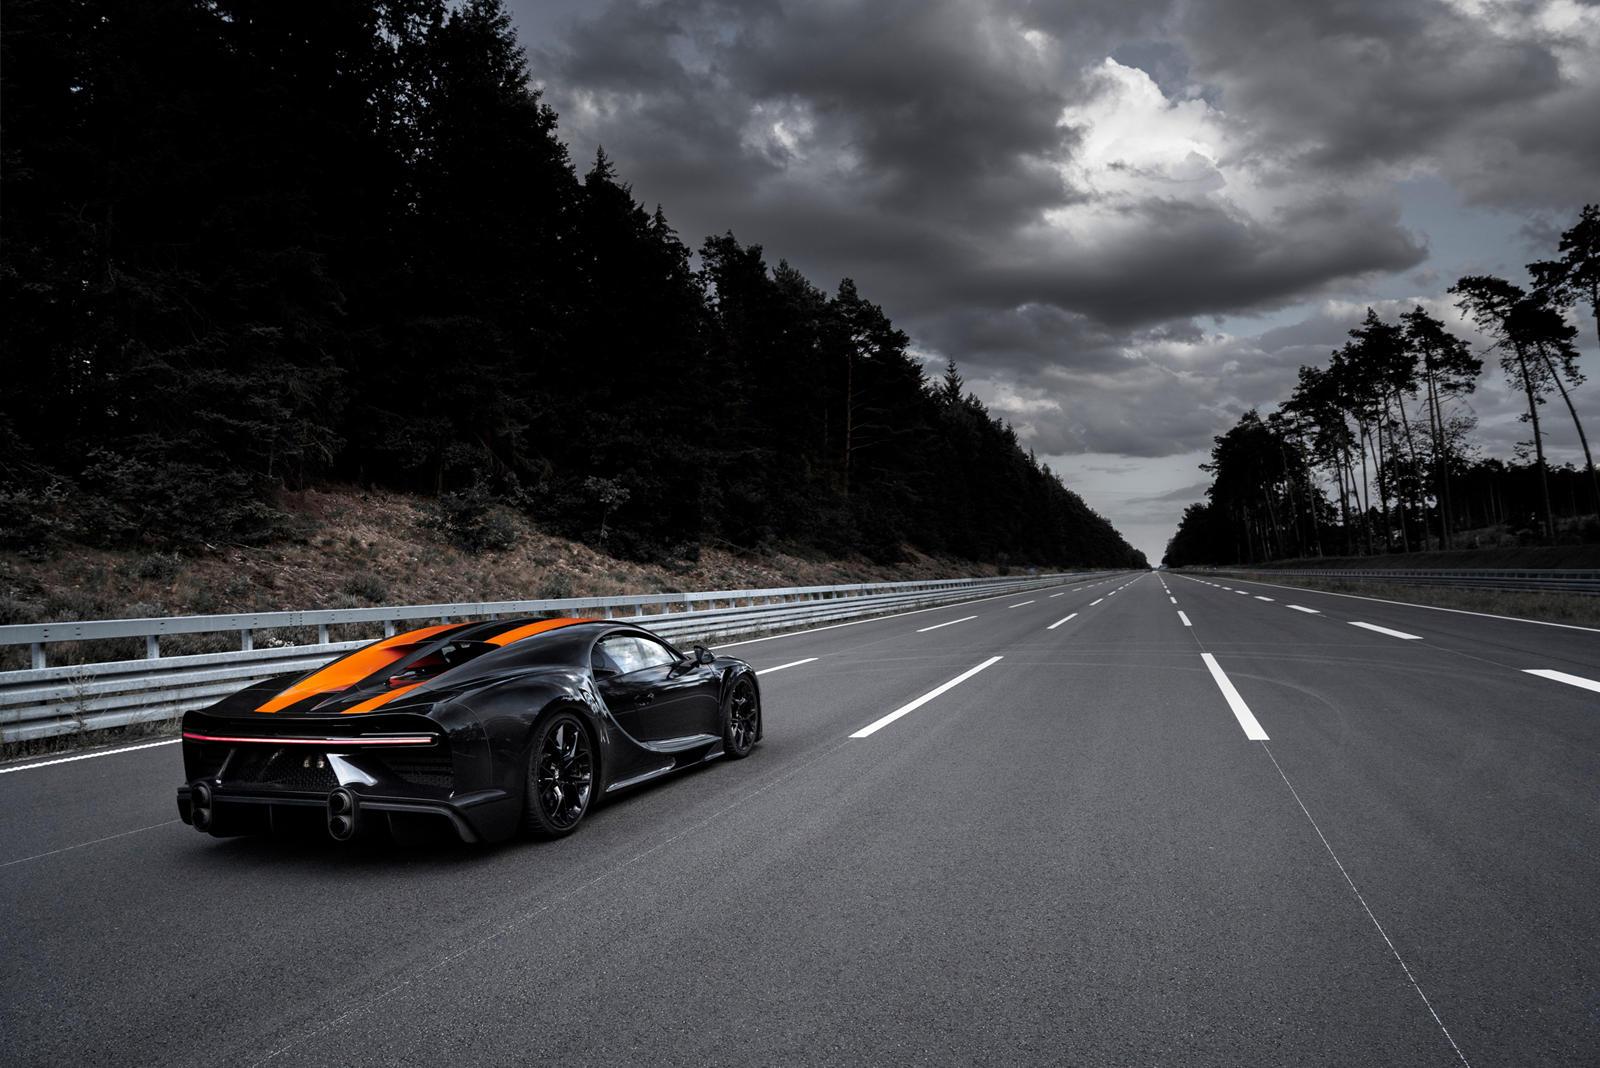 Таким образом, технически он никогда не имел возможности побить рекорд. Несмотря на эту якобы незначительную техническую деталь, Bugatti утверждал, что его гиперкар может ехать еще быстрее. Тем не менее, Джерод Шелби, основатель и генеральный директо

+ + + +

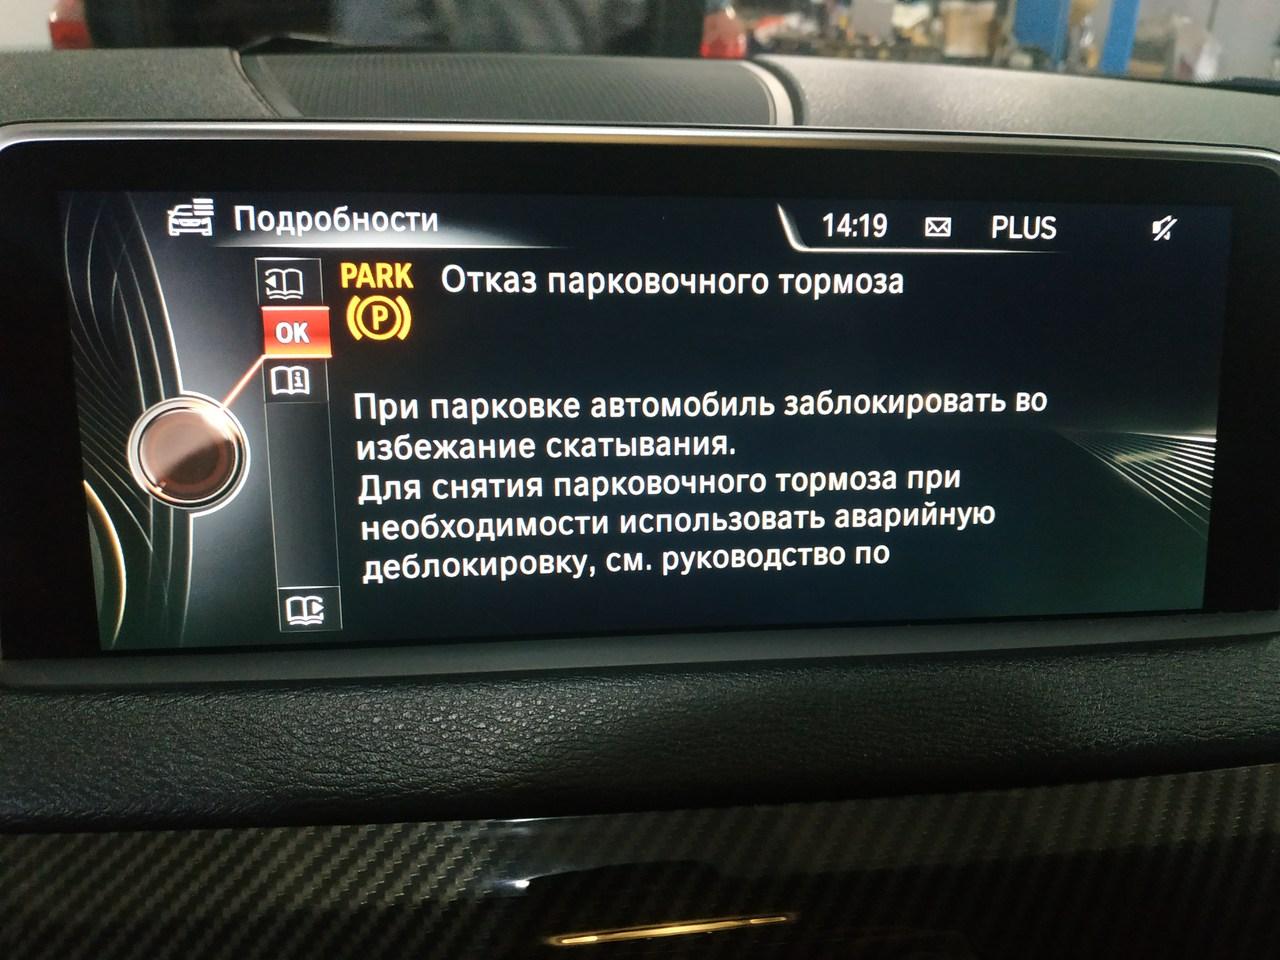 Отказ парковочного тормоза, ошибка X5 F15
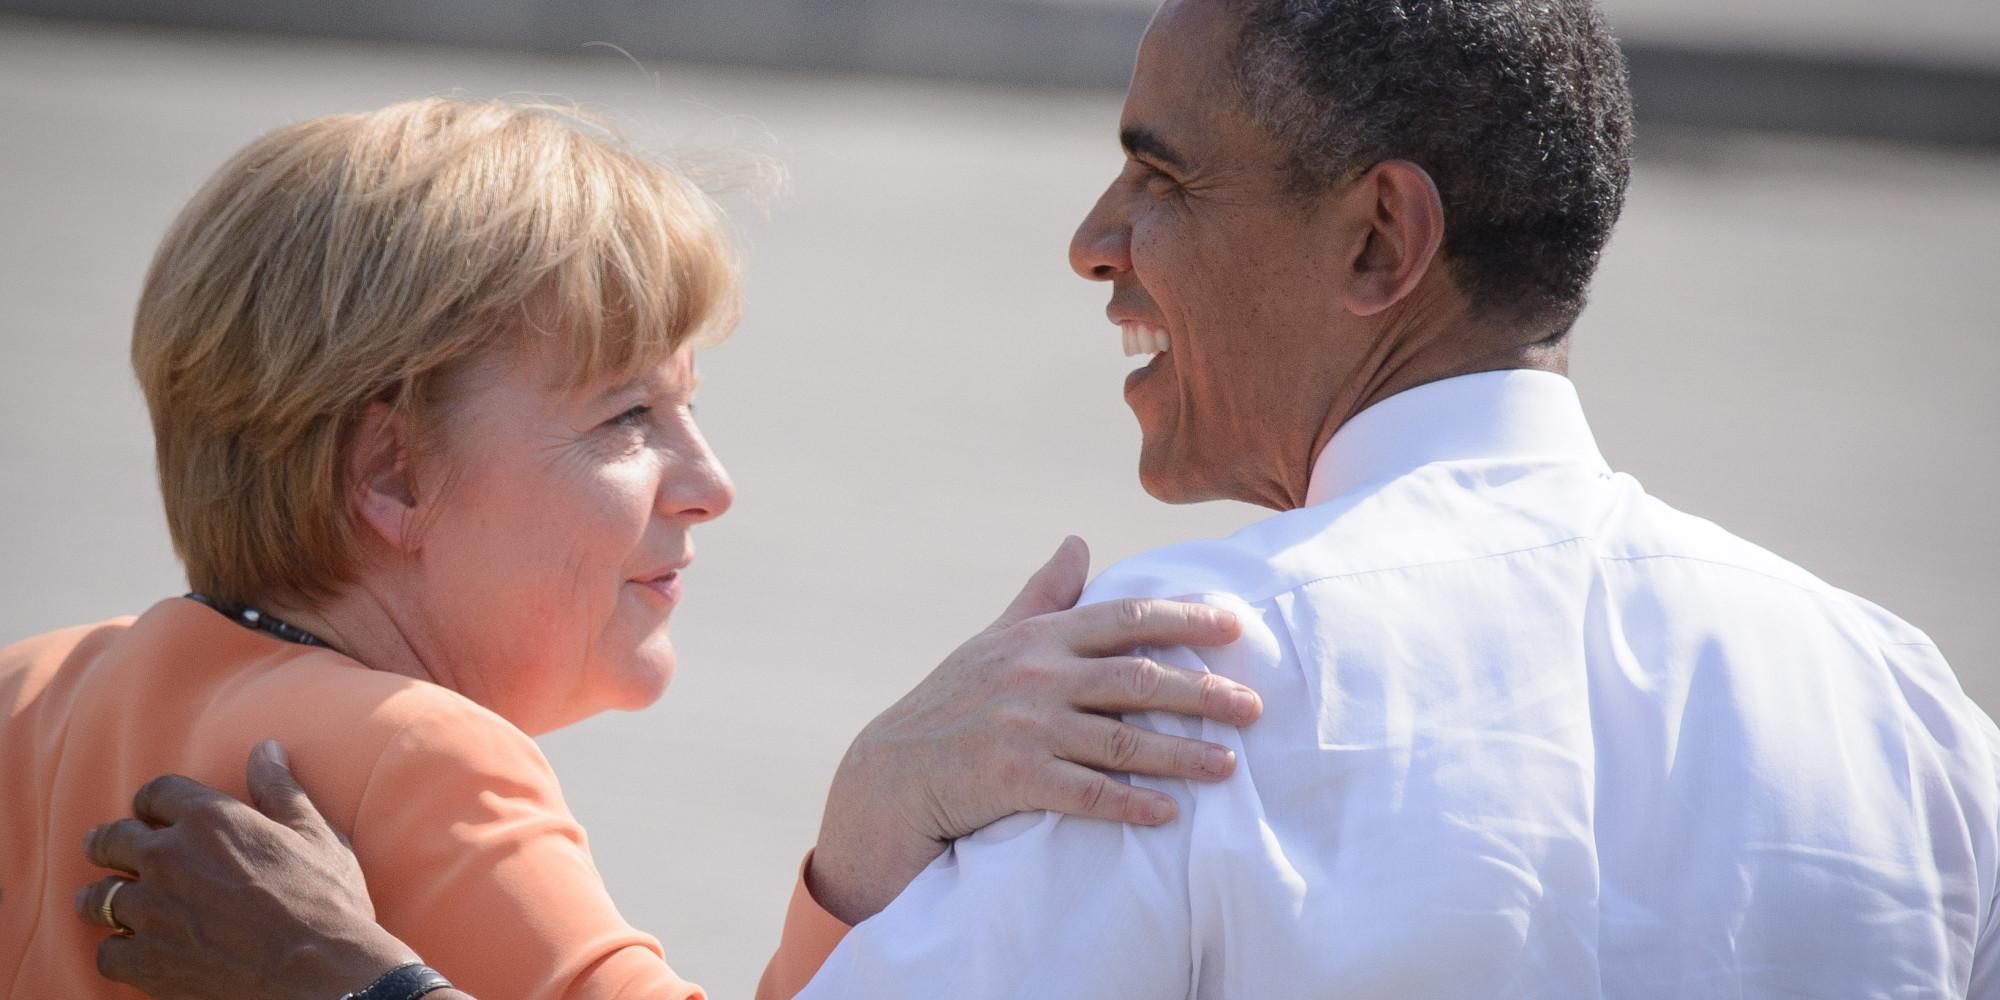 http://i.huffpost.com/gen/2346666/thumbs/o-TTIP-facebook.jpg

+ + + +

[Assignment]
Take the material above and output only the lines from the one that contains "Отказ парковочного тормоза, ошибка X5 F15" through the one that contains "http://i.huffpost.com/gen/2346666/thumbs/o-TTIP-facebook.jpg", ends included and images left out.

[Response below]
 Отказ парковочного тормоза, ошибка X5 F15
 http://i.huffpost.com/gen/2346666/thumbs/o-TTIP-facebook.jpg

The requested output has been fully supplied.